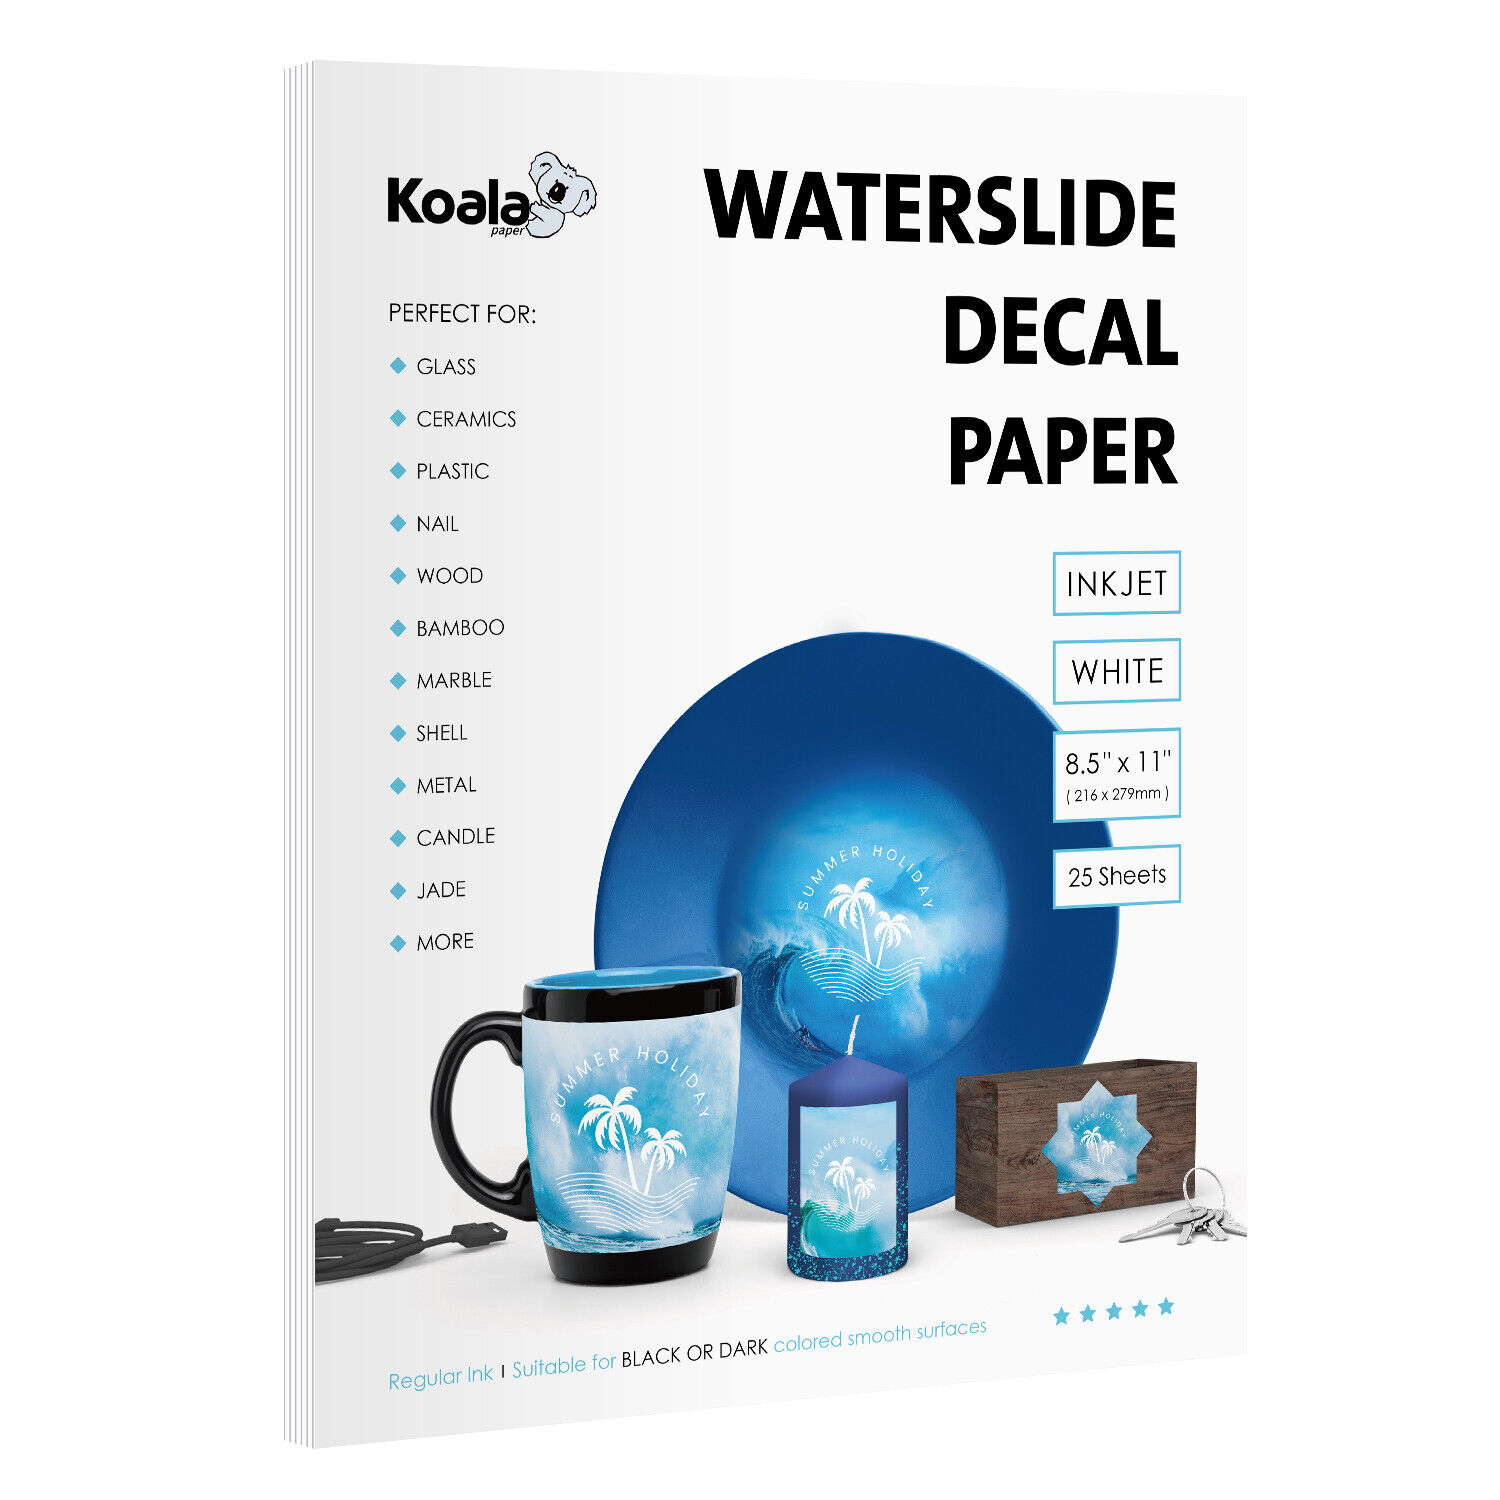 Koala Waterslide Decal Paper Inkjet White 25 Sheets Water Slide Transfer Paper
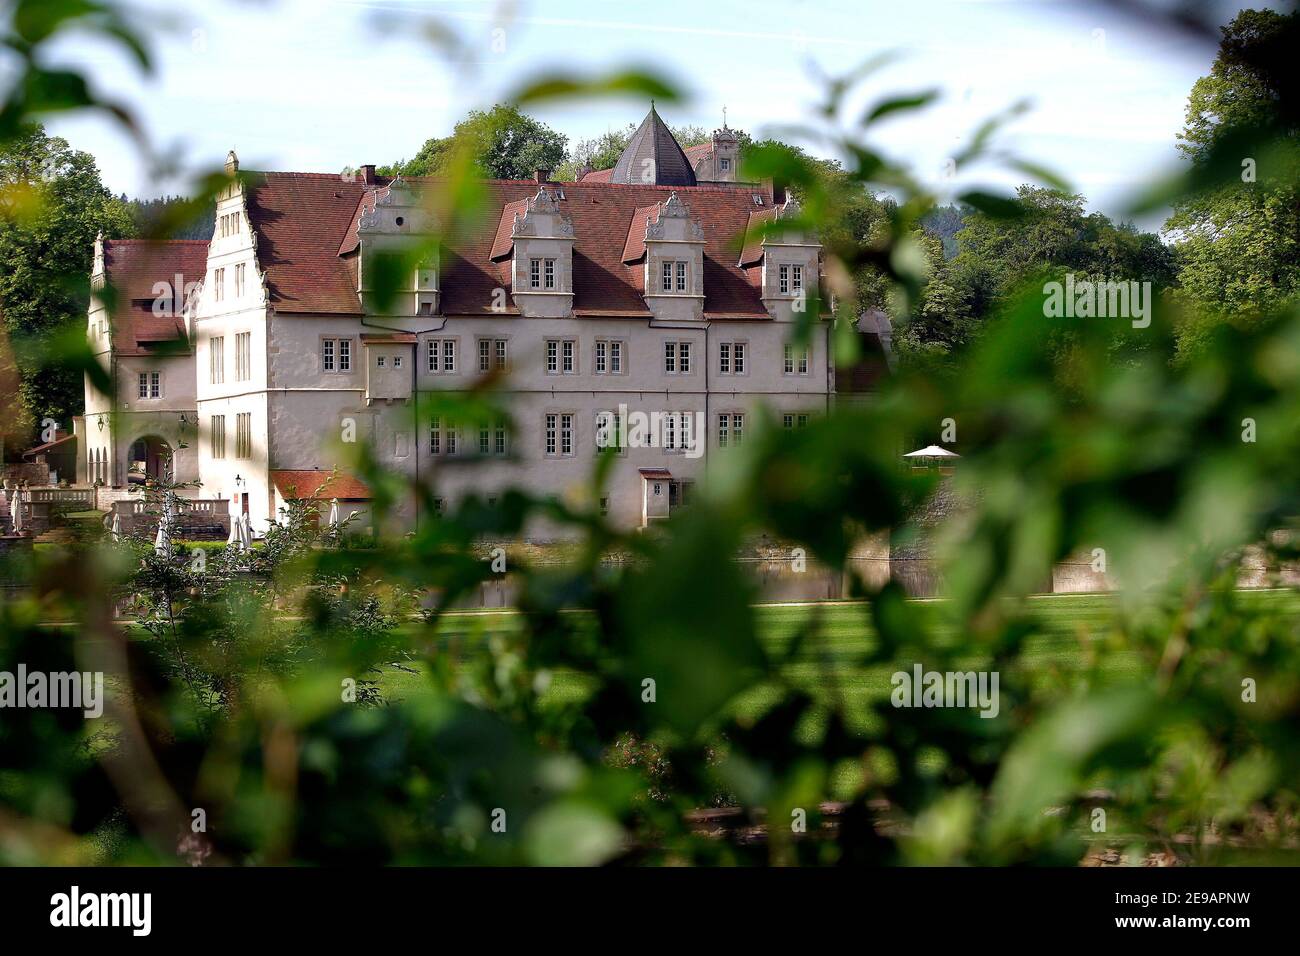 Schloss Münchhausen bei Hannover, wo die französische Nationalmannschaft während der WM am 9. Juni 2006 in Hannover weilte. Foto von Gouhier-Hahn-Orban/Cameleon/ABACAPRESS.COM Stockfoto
————————
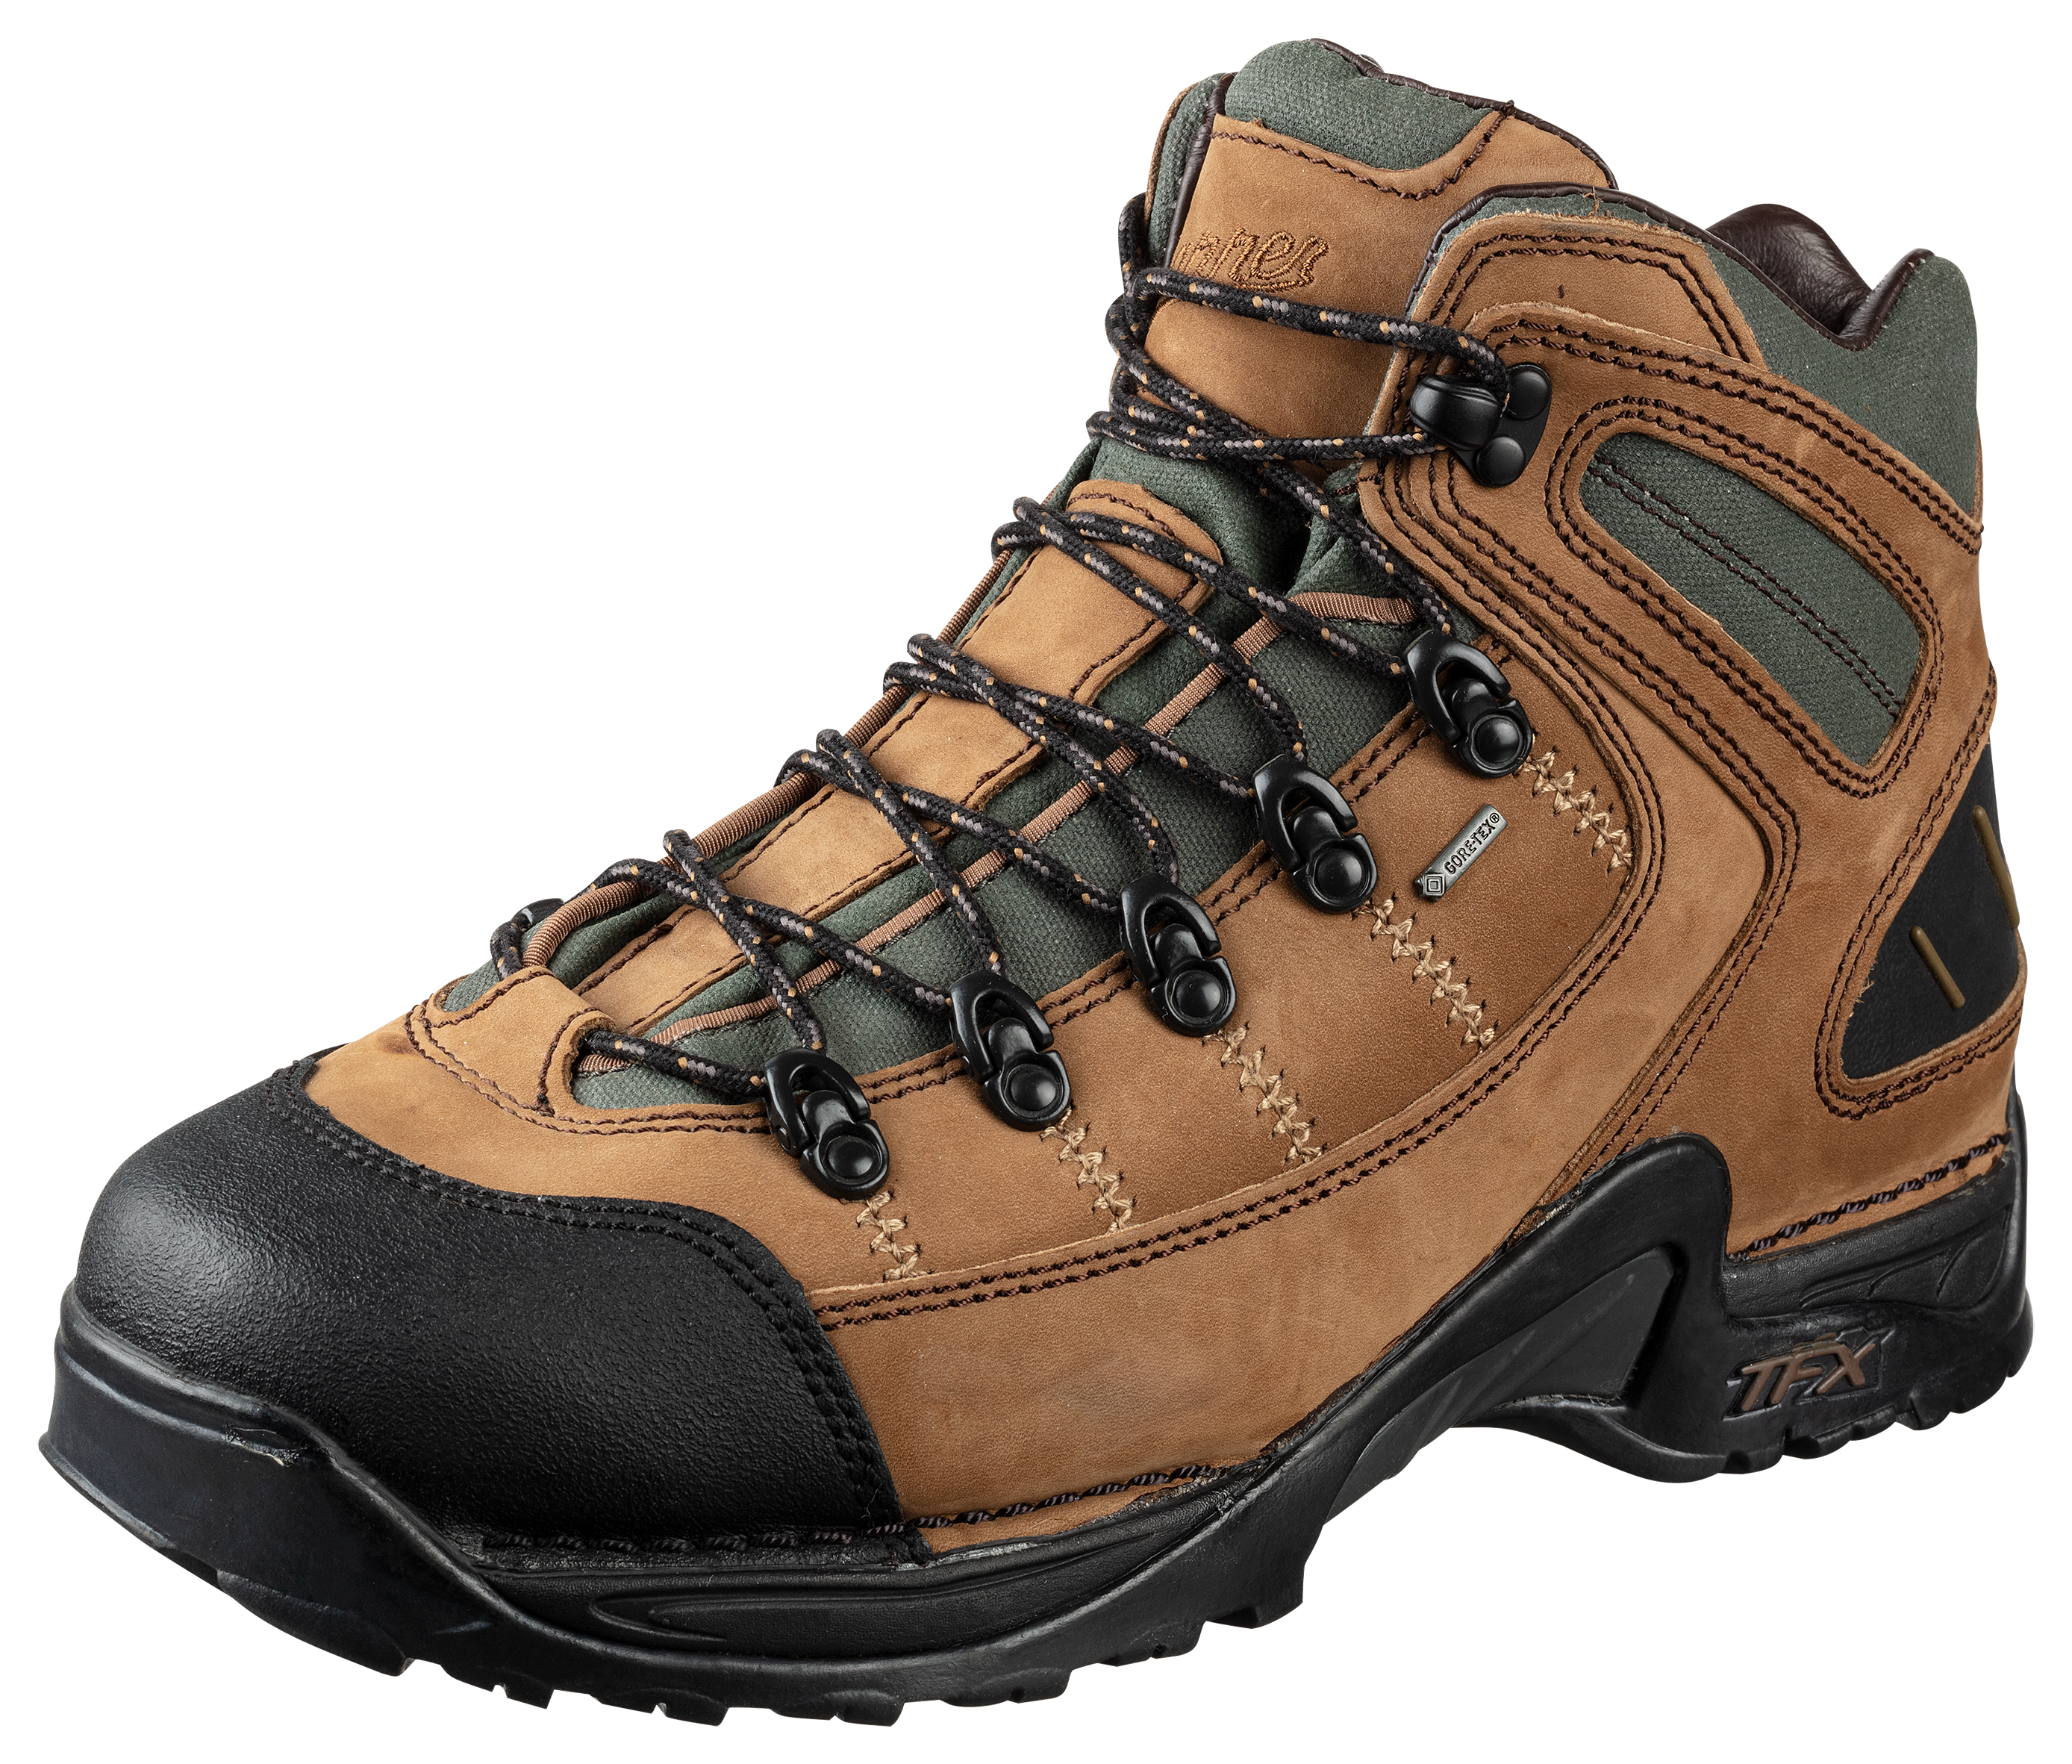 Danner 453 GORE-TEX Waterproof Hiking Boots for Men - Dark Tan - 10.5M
————————
**What you have to do**
Given the records above, return the lines starting at the one that holds "Koala Waterslide Decal" and ending at the one that holds "Schloss Münchhausen bei", exactly, and nothing besides; leave every picture out.

**Written reply**
 Koala Waterslide Decal Paper Inkjet White 25 Sheets Water Slide Transfer Paper
 Schloss Münchhausen bei Hannover, wo die französische Nationalmannschaft während der WM am 9. Juni 2006 in Hannover weilte. Foto von Gouhier-Hahn-Orban/Cameleon/ABACAPRESS.COM Stockfoto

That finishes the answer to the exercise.